DATASET RECORDS:

Content starts

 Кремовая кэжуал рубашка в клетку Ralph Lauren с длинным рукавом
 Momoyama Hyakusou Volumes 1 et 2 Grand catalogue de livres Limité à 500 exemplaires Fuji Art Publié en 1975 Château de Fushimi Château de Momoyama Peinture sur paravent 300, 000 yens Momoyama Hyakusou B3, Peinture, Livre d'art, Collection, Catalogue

Content ends
Content starts

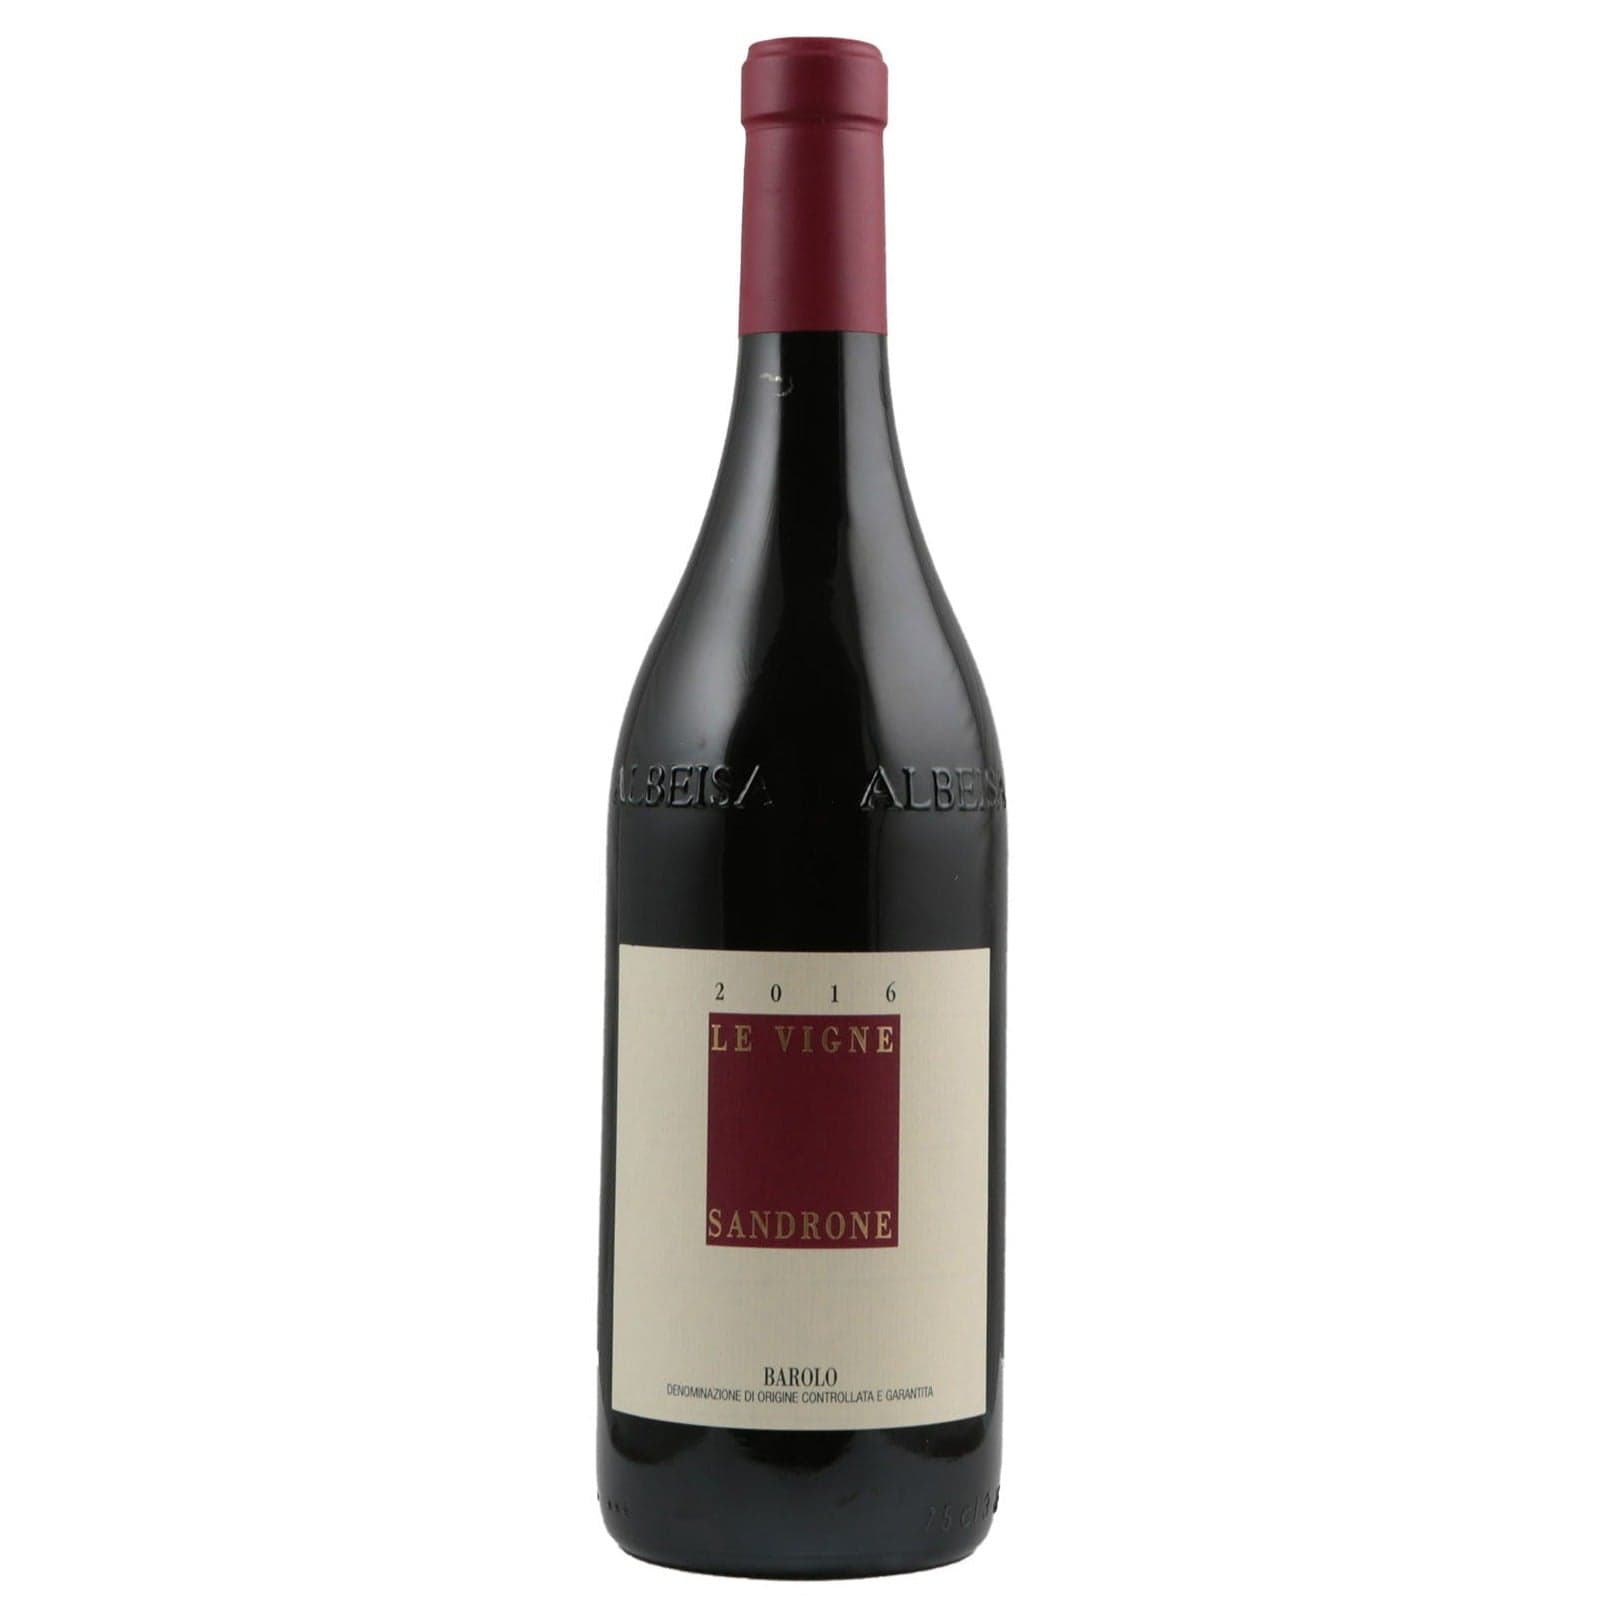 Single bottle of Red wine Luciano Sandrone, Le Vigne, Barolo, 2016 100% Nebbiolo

Content ends
Content starts

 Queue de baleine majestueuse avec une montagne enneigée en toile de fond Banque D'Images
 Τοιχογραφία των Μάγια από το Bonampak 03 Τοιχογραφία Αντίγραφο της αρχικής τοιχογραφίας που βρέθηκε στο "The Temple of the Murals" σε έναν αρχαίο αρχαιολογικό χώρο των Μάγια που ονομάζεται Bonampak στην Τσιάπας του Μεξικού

Content ends

TASK GOAL: For this exercise, repeat exactly the lines of the data above from the one with "Кремовая кэжуал рубашка" down to the one with "Momoyama Hyakusou Volumes", both end lines included.

FINISHED EXERCISE:
 Кремовая кэжуал рубашка в клетку Ralph Lauren с длинным рукавом
 Momoyama Hyakusou Volumes 1 et 2 Grand catalogue de livres Limité à 500 exemplaires Fuji Art Publié en 1975 Château de Fushimi Château de Momoyama Peinture sur paravent 300, 000 yens Momoyama Hyakusou B3, Peinture, Livre d'art, Collection, Catalogue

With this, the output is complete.